Drug manufacturers get patents and a corresponding period of exclusivity. This is worse than patents in some ways because there's no time limit. It's like drug manufacturers could attach a EULA to their pills that makes reverse-engineering a competing product a legally enforceable contract violation even after the relevant patents expire.
I don't buy this. "It's like drug manufacturers could attach a EULA to their pills that makes reverse-engineering a competing product a legally enforceable contract violation _even after_ the relevant patents expire."

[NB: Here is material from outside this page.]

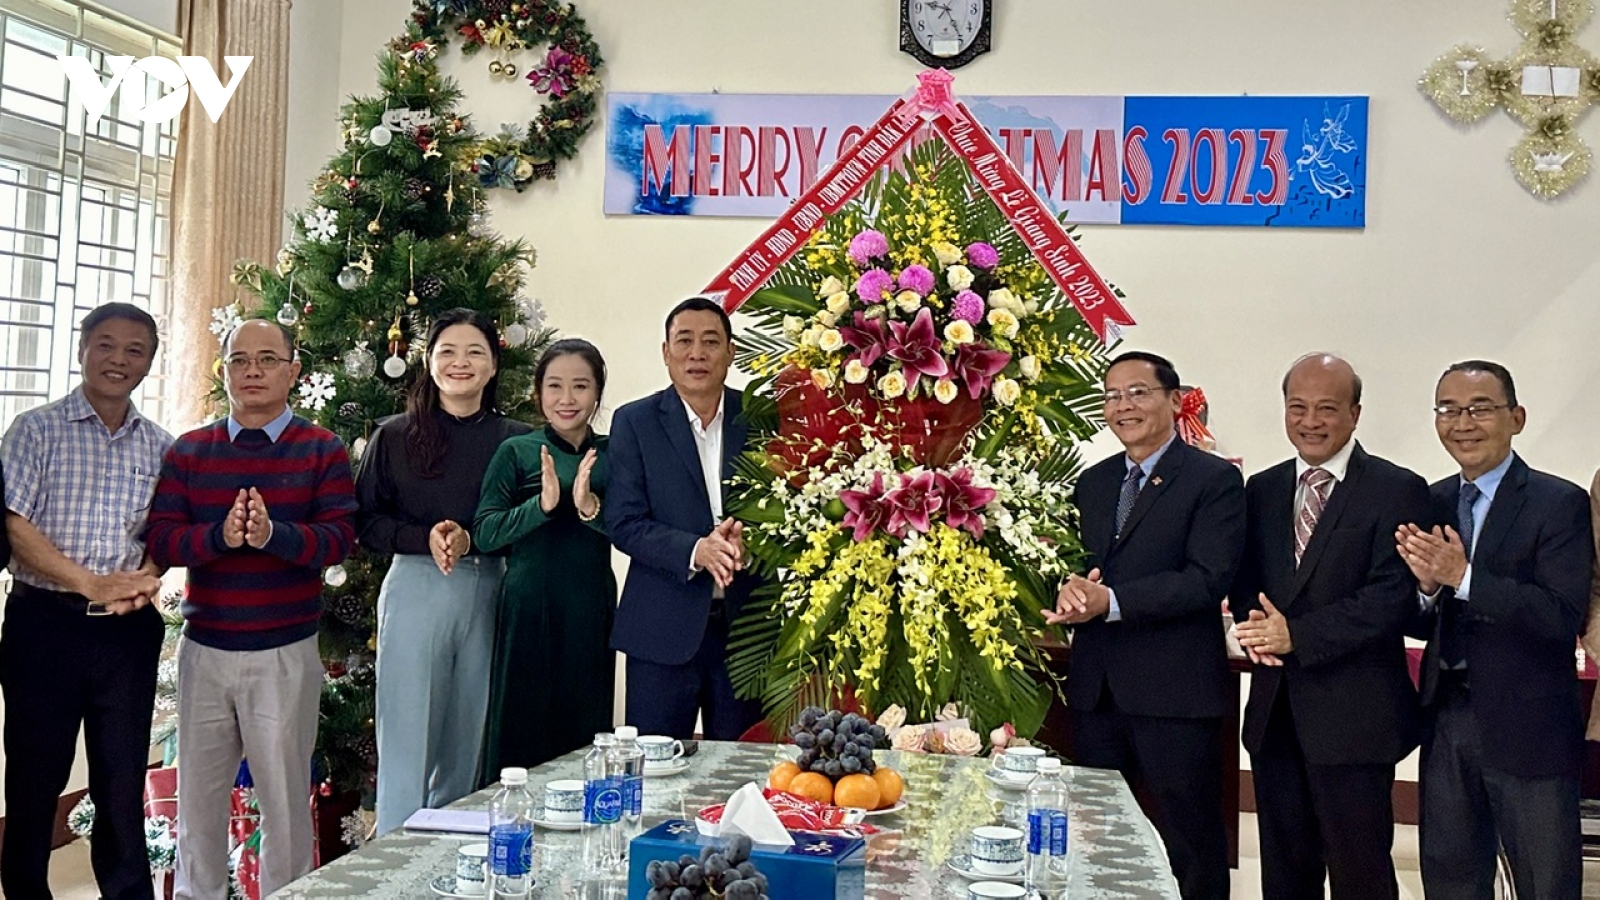 Lãnh đạo tỉnh Đắk Lắk thăm, chúc mừng các cơ sở tôn giáo dịp Lễ Giáng sinh
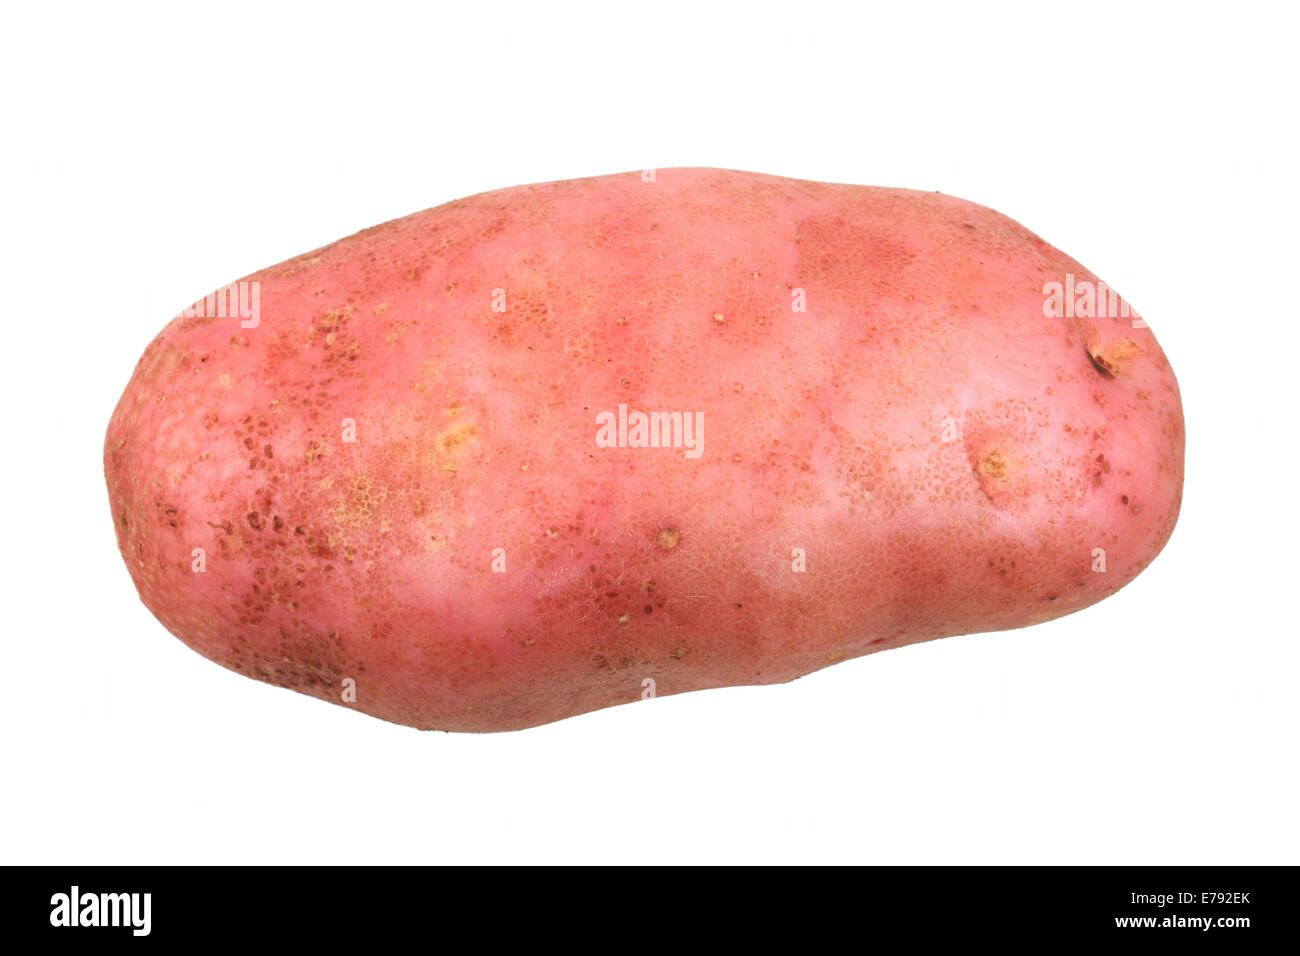 Potato, Reichskanzler variety Stock Photo

You've gone from "Drug manufacturers get patents and a period of exclusivity" to "Patent and exclusivity, and also protection from generics for the brand's life", but patents can be applied for at any time during a drugs development, including before it's ever been synthesized (e.g., theoretical manufacture via computer models) but the exclusivity is only a U.S. FDA marketing feature. Patents on a drug could expire before the exclusivity, so a competing manufacturer could create a secondary brandname drug and sell it overseas during that period. I'm really confused as to where this EULA would even fit in, since you've just moved the goalposts with your "even after" clause.
If the FDA had some kind of deterministic human trial of a drug, like some dystopian lab-grown identical human clones, of which drugs were trialled on and some company B was able to obtain a set of these clones from company A that had some kind of defect of which the drug was targeting as a cure or remedy for, and then used those proprietary clone models in order to test their clone drug against, we might have some kind of metaphor worth arguing against, but we don't.